Batch processing refers to running an analysis multiple times, once per batch unit. For example, if you have 10 sequence lists and wish to run 10 mapping analyses, one per sequence list, you could launch all 10 analyses by setting up one batch job. Here, each sequence list would be a "batch unit".

This section focuses on batch processing when using individual tools. Further details about batch processing of workflows is provided in Launching workflows individually and in batches and Running part of a workflow multiple times .

Batch mode

Batch mode is activated by clicking the Batch checkbox in the dialog where the input data is selected (figure 11.9).

Image batchfolder
Figure 11.9: When launching an analysis in Batch mode, individual elements and/or folders can be selected. Here, a single folder that contains both elements and subfolders of elements has been selected.

In Batch mode, the analysis is run once per batch unit. A batch unit consists of the data elements to be analyzed together. A batch unit can be a single data element, or can consist of multiple data elements.

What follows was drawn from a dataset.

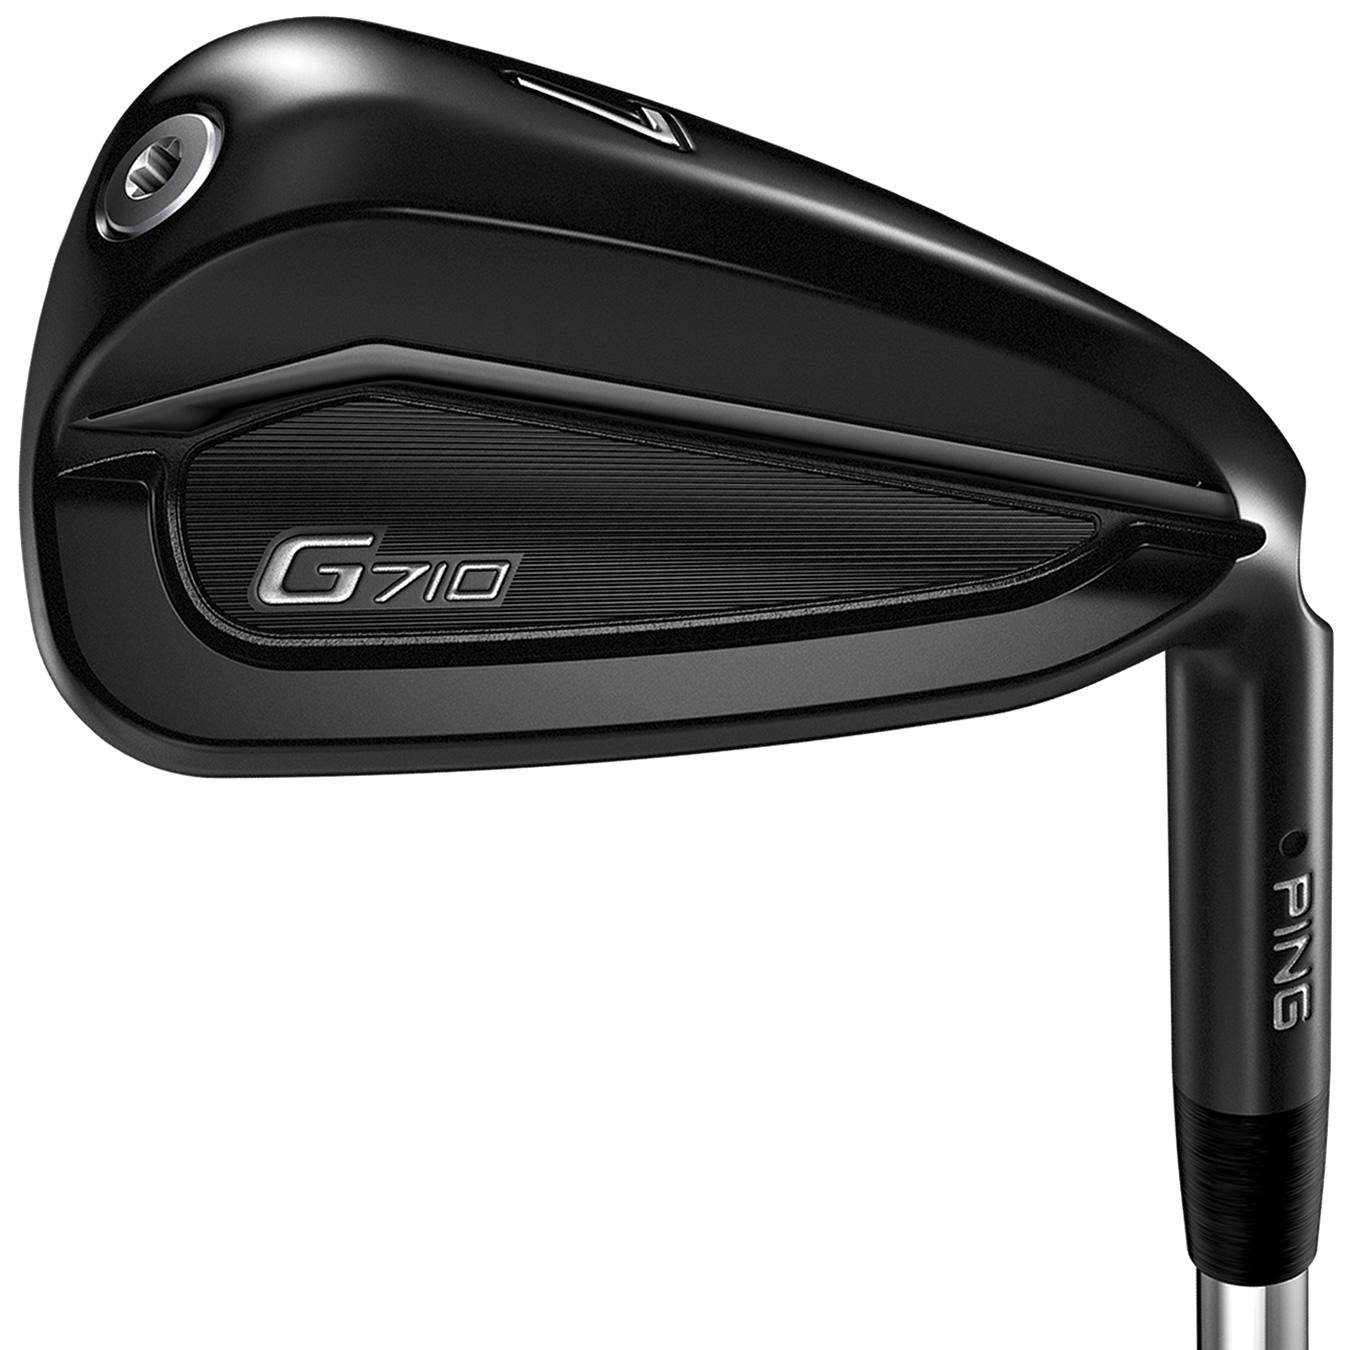 Ping G710 Golf Irons Graphite

Batch units are made up of:

Each data element selected in the launch wizard.
Elements and folders within a folder selected in the launch wizard, where:
- Each data element contained directly within that selected folder is a batch unit.
- Each subfolder directly under the selected folder is a batch unit. I.e. all elements within that subfolder are analyzed together.
- Elements within more deeply nested subfolders (e.g. subfolders of subfolders of the originally selected folder) are not used in the analysis.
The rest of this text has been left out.